> Data

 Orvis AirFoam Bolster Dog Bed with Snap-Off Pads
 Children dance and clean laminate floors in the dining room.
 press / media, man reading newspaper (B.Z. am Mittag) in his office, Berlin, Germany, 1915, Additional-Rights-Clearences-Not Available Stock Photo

> Required action
Every line in the listing above should be repeated exactly.

> Exercise result
 Orvis AirFoam Bolster Dog Bed with Snap-Off Pads
 Children dance and clean laminate floors in the dining room.
 press / media, man reading newspaper (B.Z. am Mittag) in his office, Berlin, Germany, 1915, Additional-Rights-Clearences-Not Available Stock Photo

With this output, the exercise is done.